The William B. Joyner Memorial Lecture series was established by SSA in cooperation with the Earthquake Engineering Research Institute (EERI) to honor Bill Joyner’s distinguished career at the U.S. Geological Survey (USGS) and his abiding commitment to the exchange of information at the interface of earthquake science and earthquake engineering. Joyner Lecturers are chosen on the basis of their work at this interface, whether it involves contributions from earthquake science to earthquake engineering, or from earthquake engineering to earthquake science. The lectures are supported by donations to the William B. Joyner Memorial Fund.
Presented at the Annual Meetings of the SSA and EERI, as well as at locations of the lecturer’s choosing, the lectures bring scientists and engineers together in an effort to make our world a safer one–just as Joyner himself did so brilliantly.

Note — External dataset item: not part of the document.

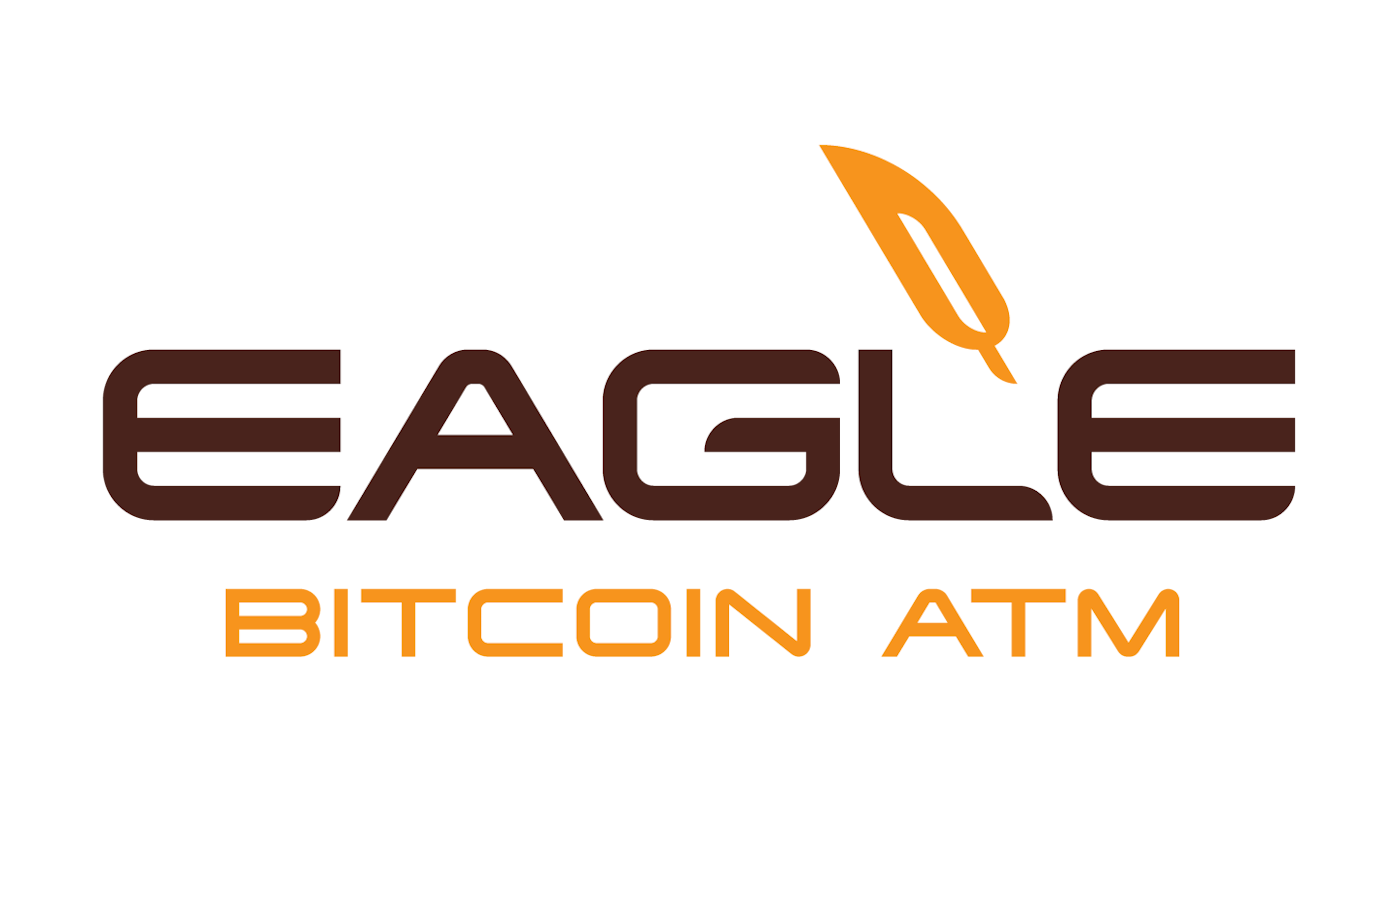 Eagle Bitcoin ATM logo

Nominations can be made by any member of EERI or SSA. The nominator must clearly document the nominee’s accomplishments that foster and enhance communication at the earthquake-science/earthquake-engineering interface and explain why that person’s work has made a positive difference. The written proposal must provide a brief summary of the candidate’s professional history that may include honors, awards, professional affiliations, lectures and publications, and professional service and experience that address the intent of the Joyner Award.

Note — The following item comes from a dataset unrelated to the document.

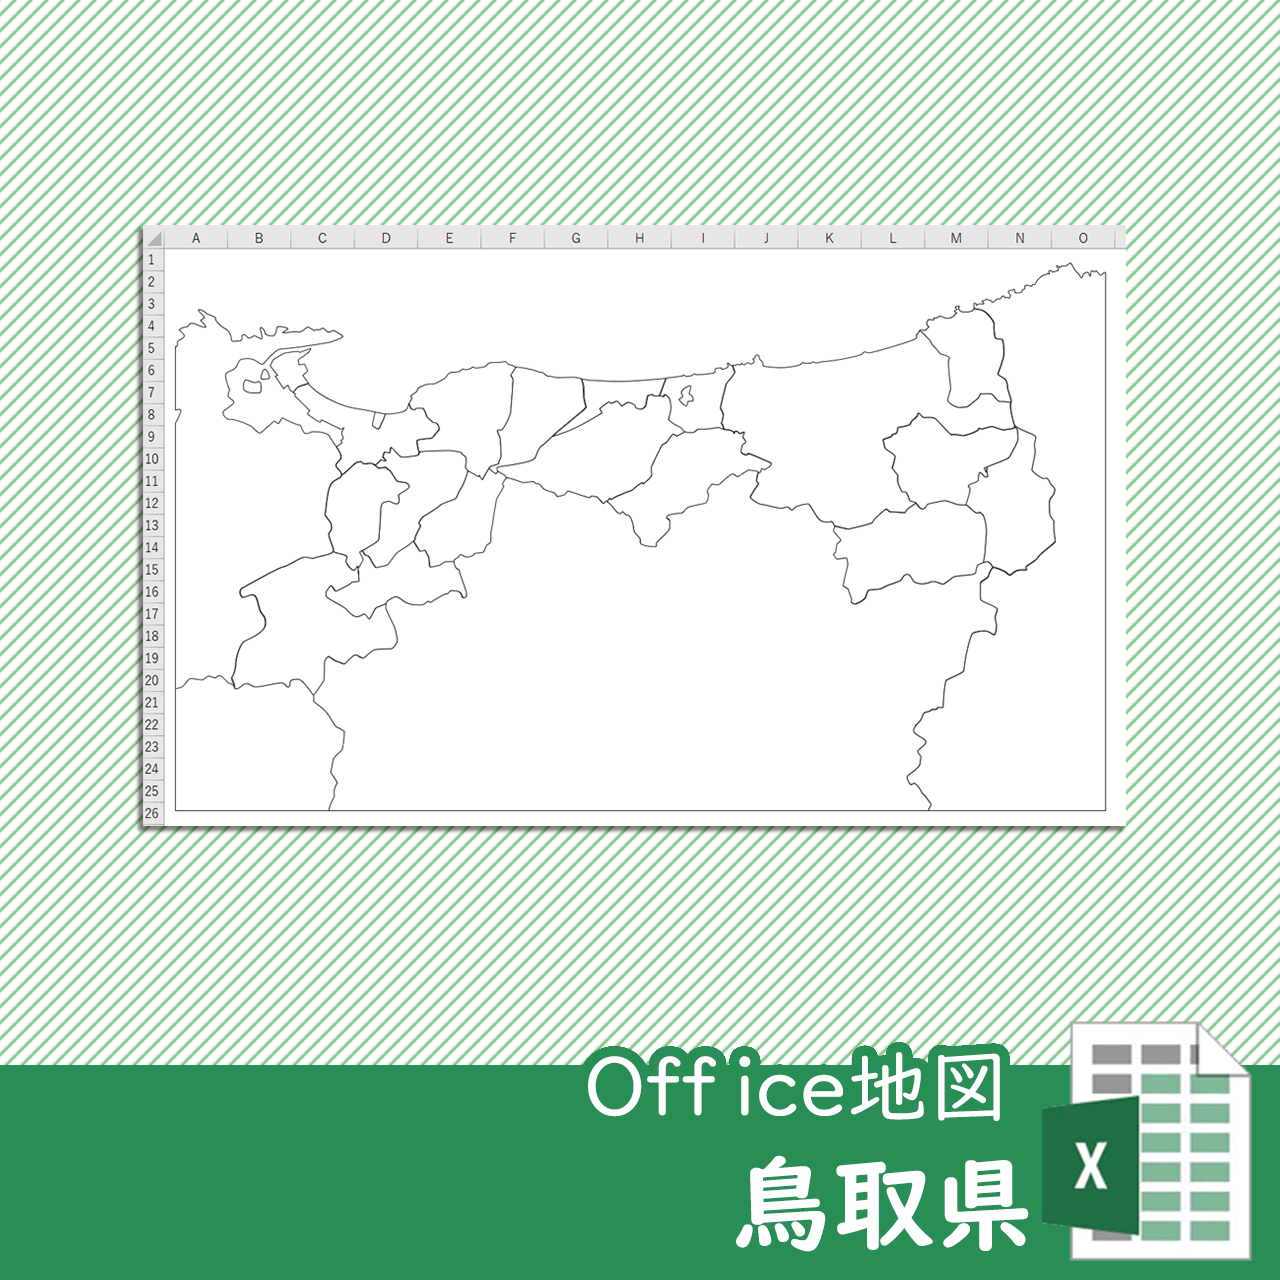 鳥取県のOffice地図のサムネイル

A signed nominator disclosure form submitted by the chief nominator must be included with every submission. Click here to complete the Ethics Disclosure Form for Nominators.

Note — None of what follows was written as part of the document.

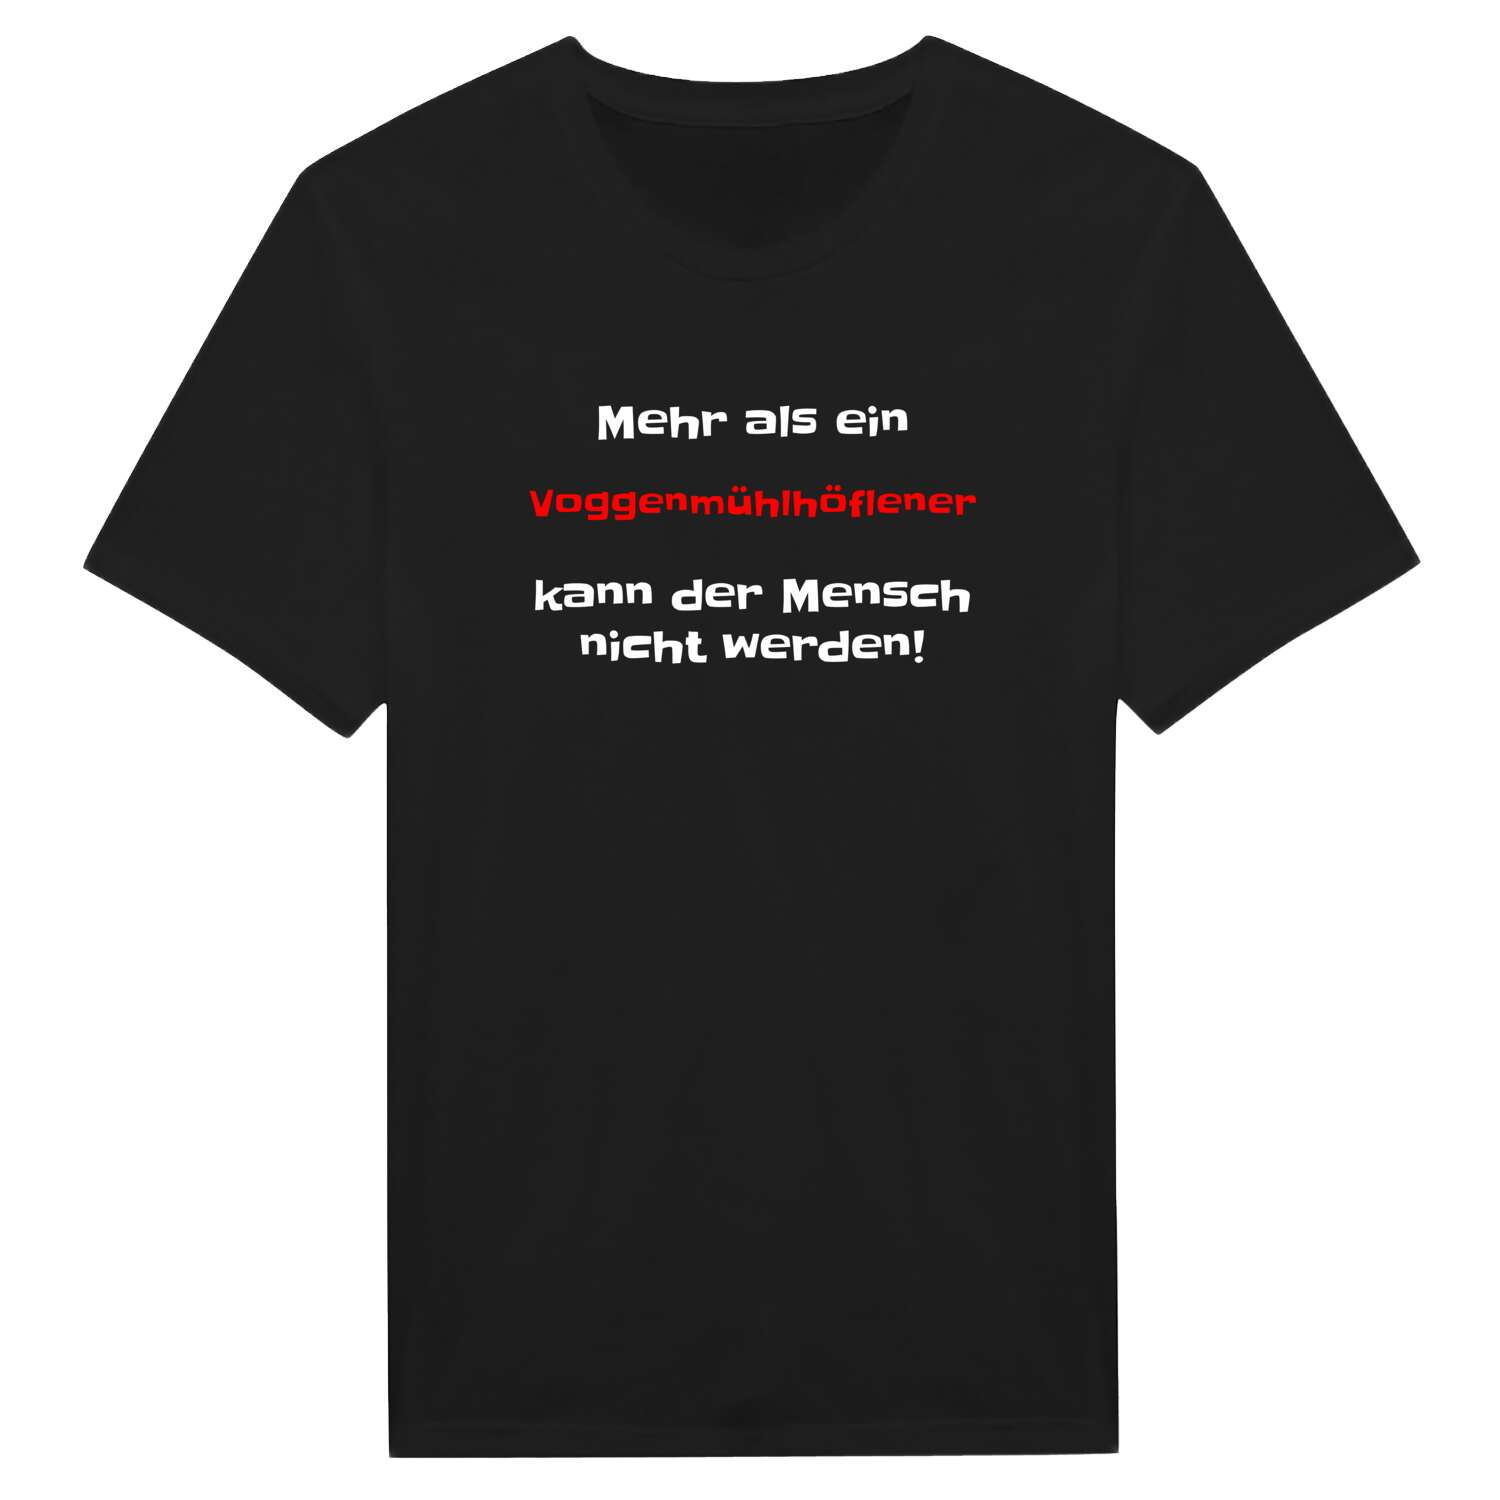 Voggenmühlhöfle T-Shirt »Mehr als ein«

The Joyner Lecturer is selected by the Joyner Committee by 1 October each year. EERI and SSA waive meeting registration fees for the Joyner Lecturer and provide travel funds to attend the Annual Meeting of each organization.
The annual deadline for Joyner nominations is 30 June. Please submit nominations via email to email@example.com.
About William B. Joyner
William (“Bill”) B. Joyner (1929-2001) grew up in Nebraska, and received his A.B., A.M., and Ph.D. degrees from Harvard University. He joined the Regional Geophysics Branch of the USGS as a geophysicist in 1964, working on computer analysis of gravity and magnetic data. From 1967 to 1970 Joyner was assigned to the national headquarters of the USGS as the staff geophysicist for the Office of Earthquake Research (1967-1969) and the Office of Geochemistry and Geophysics (1969-1970). While serving in Washington he wrote a substantial part of the “Proposal for a Ten-Year National Earthquake Hazards Program,” which was important in initiating the highly regarded USGS program in earthquake hazard reduction. In 1970 he stepped down from administrative duties and became a project scientist in the Western Region Headquarters of the USGS, where he concentrated his research on the prediction of earthquake ground motion for engineering design. He made many fundamental contributions to that field, including developing numerical methods for calculating nonlinear soil response in one and two dimensions, deriving what became the industry-standard equations for predicting strong ground motion from earthquakes, and, most recently, describing the essential features of surface-wave generation and propagation in deep sedimentary basins. From 1999 until shortly before his death, he directed the USGS National Strong-Motion Program. Joyner was particularly effective at bridging the gap between seismologists and engineers, serving on numerous code-writing committees for the Structural Engineers Association of Northern California and the Building Seismic Safety Council. In recognition of his contributions and service, he was awarded the Department of the Interior’s highest honor, the Distinguished Service Award, in 2000. His technical contributions, wisdom and humor are missed by his many friends and former colleagues in the SSA community.
2023 Joyner Lecturer
Jack Baker‘s research is at the forefront of the interface between earthquake seismology and earthquake engineering, focusing on the use of probabilistic and statistical tools for modeling of extreme loads on structures.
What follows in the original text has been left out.